– Я приехал, чтобы увидеть тебя. Узнал о том, что твоя мама…
– Как узнал?
– Человек, с которым ты познакомил меня, чтобы я поработал для него – он сказал мне. Точнее, написал. А потом я узнал о твоем отце. Мне хотелось просто посмотреть на тебя, так что я приехал для себя, а не для тебя.
– Твой эгоизм дорого обойдется, знаешь?
– Знаю.
– И все равно ты здесь.
– Да. Я приехал потому что… когда между людьми что-то есть, они находятся вместе чтобы делать друг друга счастливыми. А когда это невозможно – просто чтобы жизнь не была невыносимой.
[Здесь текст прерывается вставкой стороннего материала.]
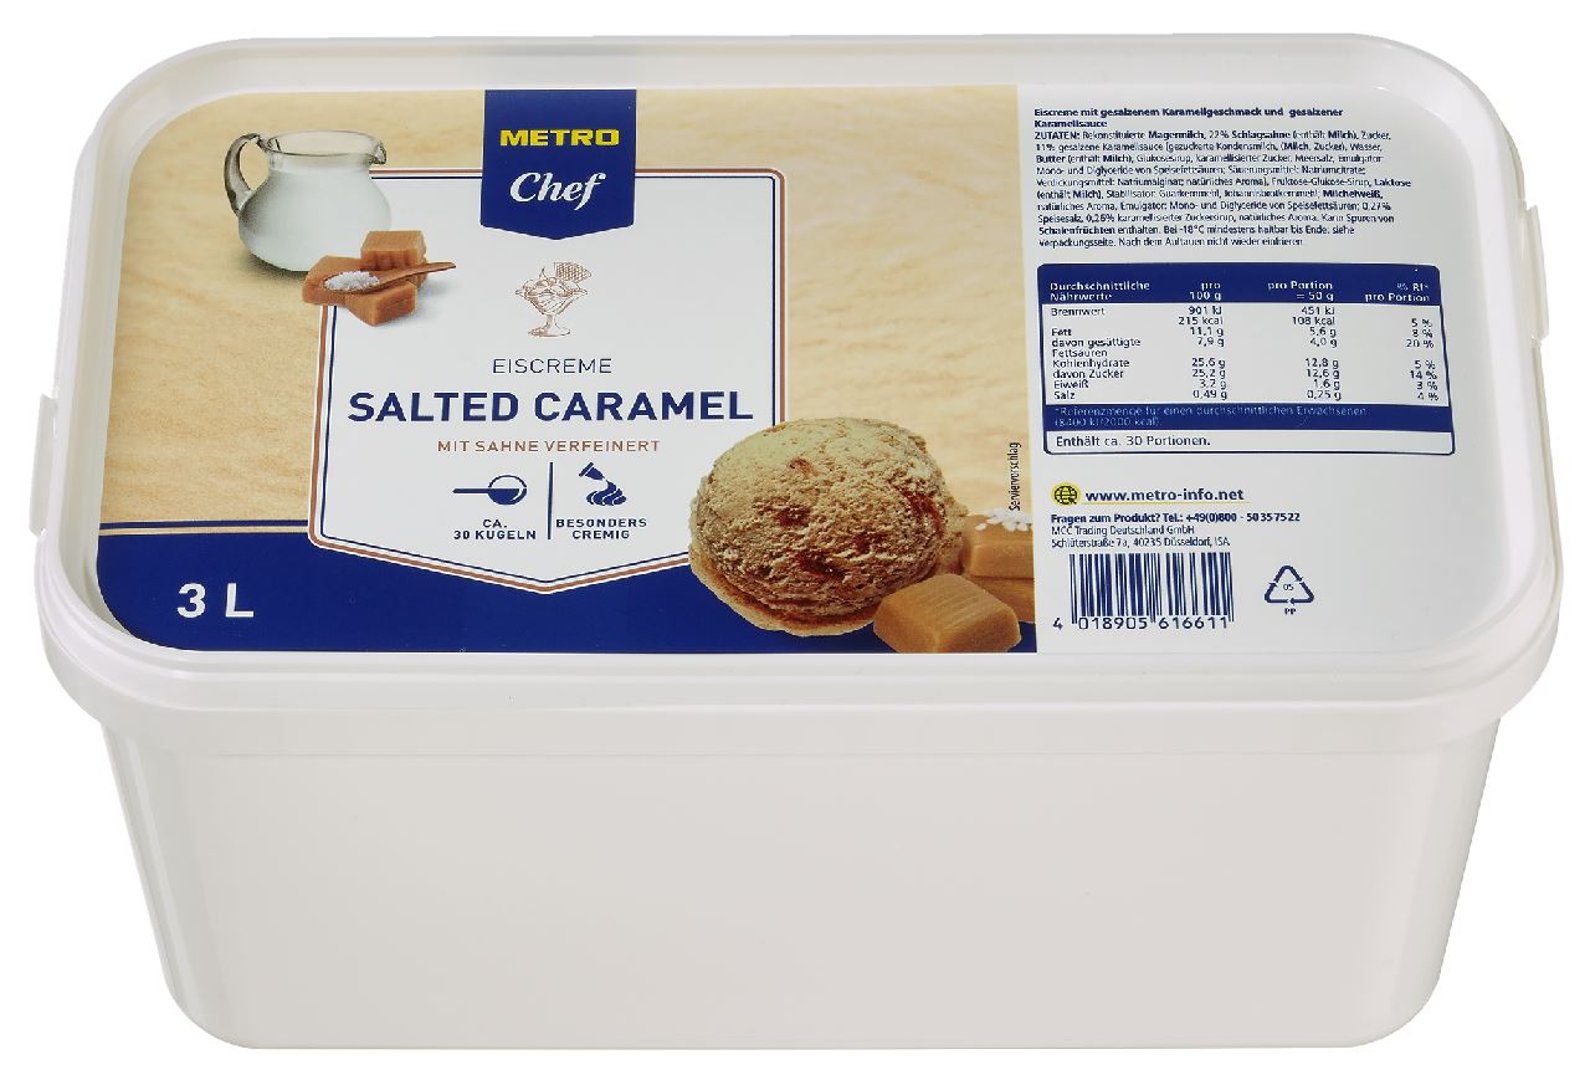 METRO Chef - Eiscreme Salted Caramel, tiefgefroren - 3 l Kanne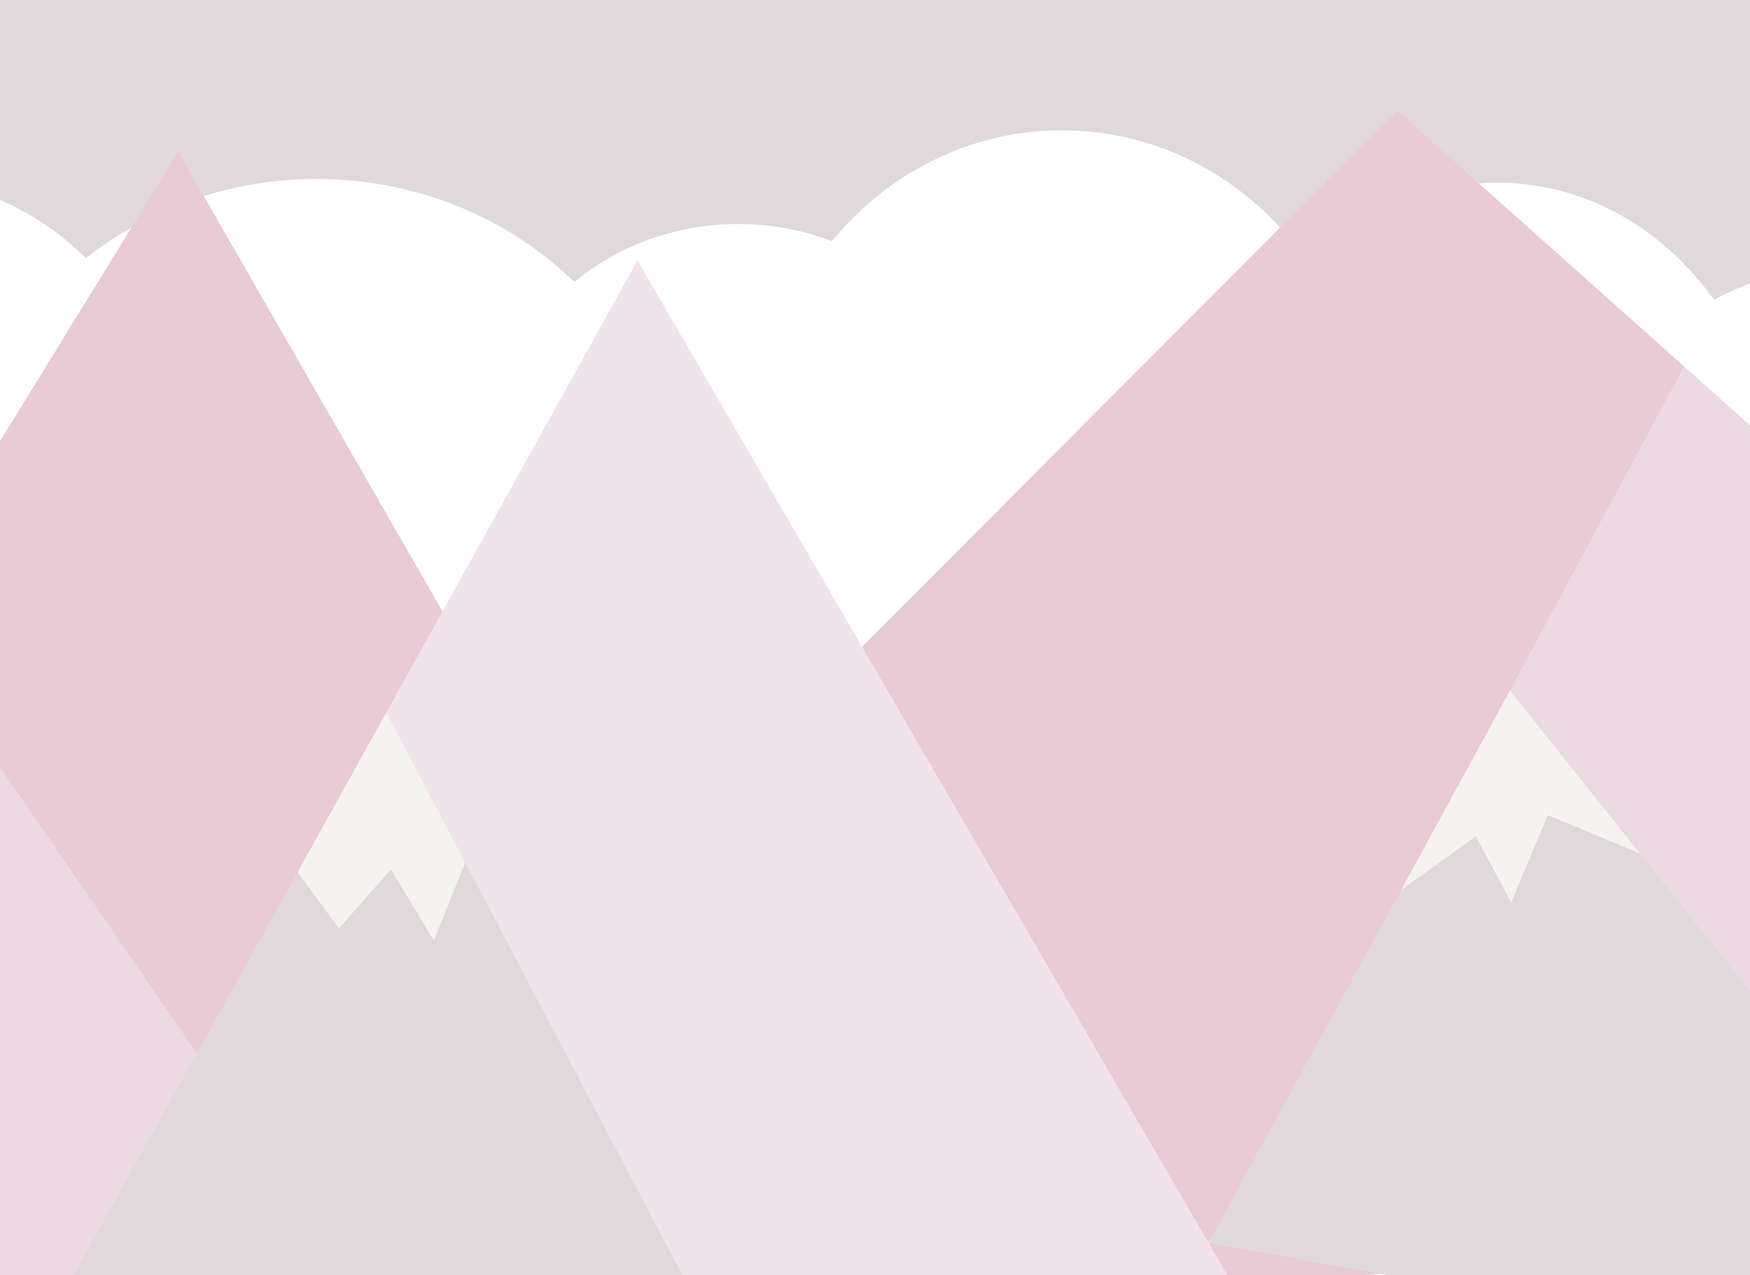             Fototapete Kinderzimmer Berge mit Wolken – Rosa, Weiß, Grau

Соквон надолго замолчал, видимо, усваивая услышанное. Цукаса не шевелился, стараясь не мешать ему. Помогать он, в общем-то, тоже не собирался. Соквону следовало разобраться со смыслом этих слов самому, потому что повторять или объяснять их Цукаса не хотел. Он и не смог бы, даже если бы испытывал такое желание.
– Мне вернули телефон только два часа назад, – отмолчавшись, заговорил Соквон. – Теперь, когда отца нет, я больше не под арестом. Консьерж дозвонился через полчаса, и я, как услышал, что ты здесь, сразу приехал. Не поверил даже. Потом увидел, как ты спишь здесь, и… и подумал, что свихнулся.
– Нет, я здесь по-настоящему.
– Тогда сделай для меня кое-что. Сделаешь?
– Конечно, – стараясь не выдать подступившего волнения, кивнул Цукаса.
– Уколи мне палец, – попросил Соквон. – Ты сказал, что умеешь.
Цукаса помнил, когда он сказал это – он тогда был в гостях у семьи Соквона, и заговаривал боль для Рин. Он уже знал, что у Соквона была хорошая память, но все равно удивился.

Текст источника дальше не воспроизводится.